How to design management dashboards

The number of app installs of SlideMagic 2.0 is still small, but the graph has a similar shape as the exponential graphs we all have gotten used to over the past weeks.

Modern analytics tools allow you to track literally everything under the sun in your app and/or web site. Instant information overload supported by colourful graphs that look good, but don’t say much. This overload of data is similar to the ones I would encounter as a consultant at McKinsey. And now, 15+ years later, I find myself following a similar approach to making sense of it for my own app.

Most case examples about analytics are built for established apps and web sites with huge customer flows you can micro analyse whether the check out button should br green or red. SlideMagic is not there yet.
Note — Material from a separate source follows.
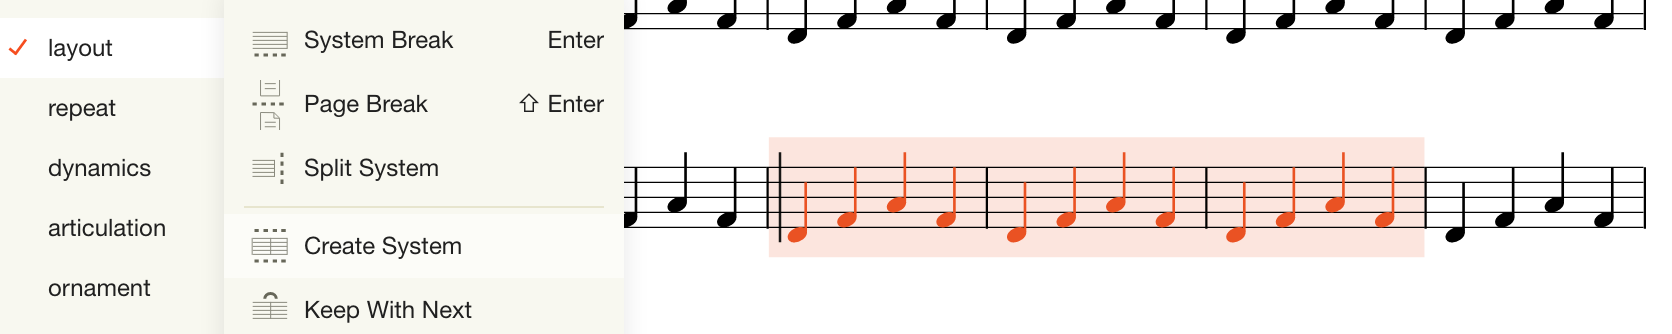 Music Notation User Guide Noteflight Music Notation Software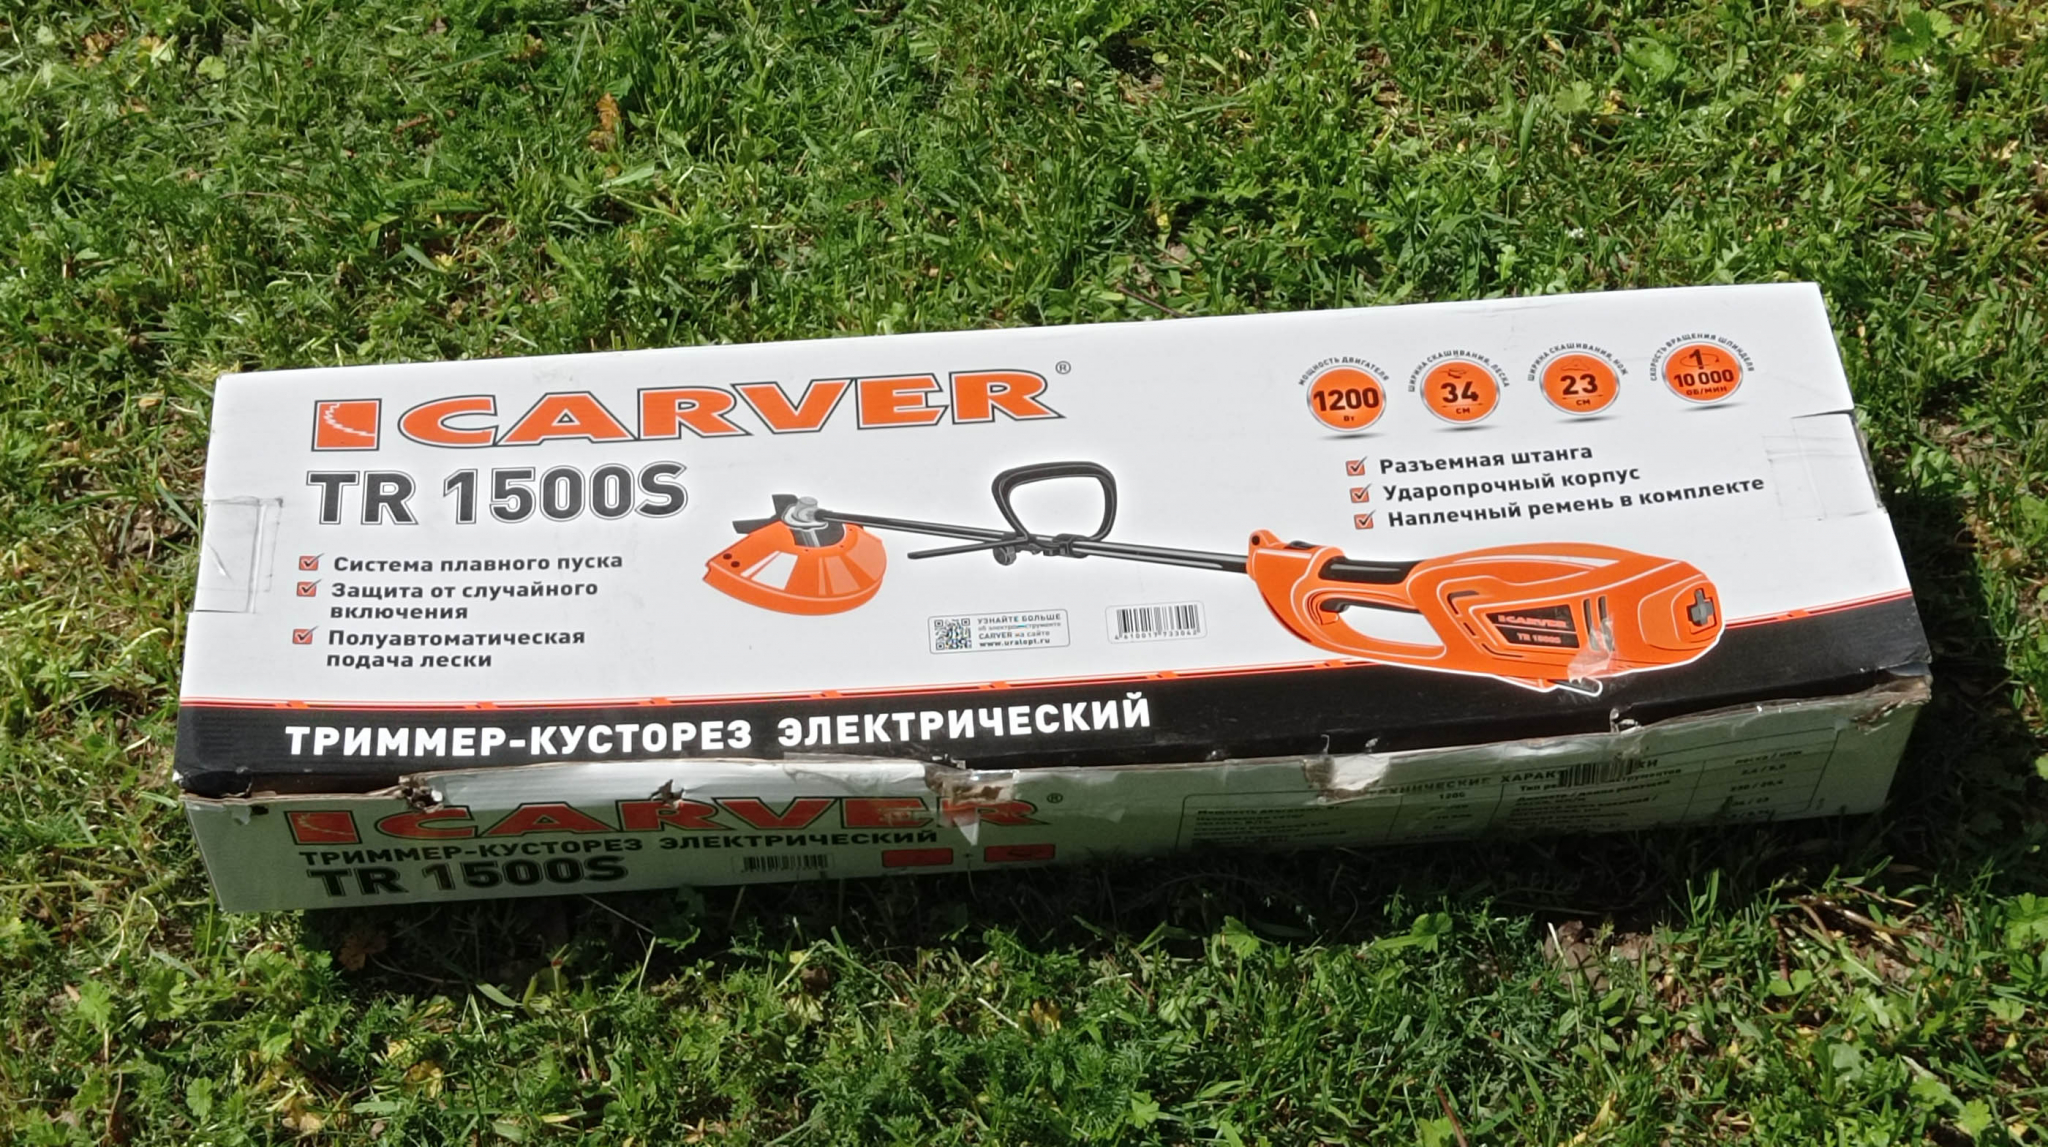 Триммер для травы Carver обзор бензокос и электрокос Инструкция по эксплуатации | Сайт производителя Carver

  • I find myself going through a certain cycle. It starts with a basic question, “how many people did actually install the app”, which results in a daily manual routine to find the latest number, which then gets translated into a proper query in an analytics app. I check whether my analytics tool is consistent with the numbers I can dig out of my own server. Slowly, slowly, I get a sense of how the app behaves with a consistent set of data that I can recognise.
  • Slowly, slowly, I start adding more questions to the picture, and make sure that I keep a picture of how they relate.
  • Each factor has a specific visualisation: some are lines, some are bars, some uniques, some totals, some cumulative, you need to play around with it.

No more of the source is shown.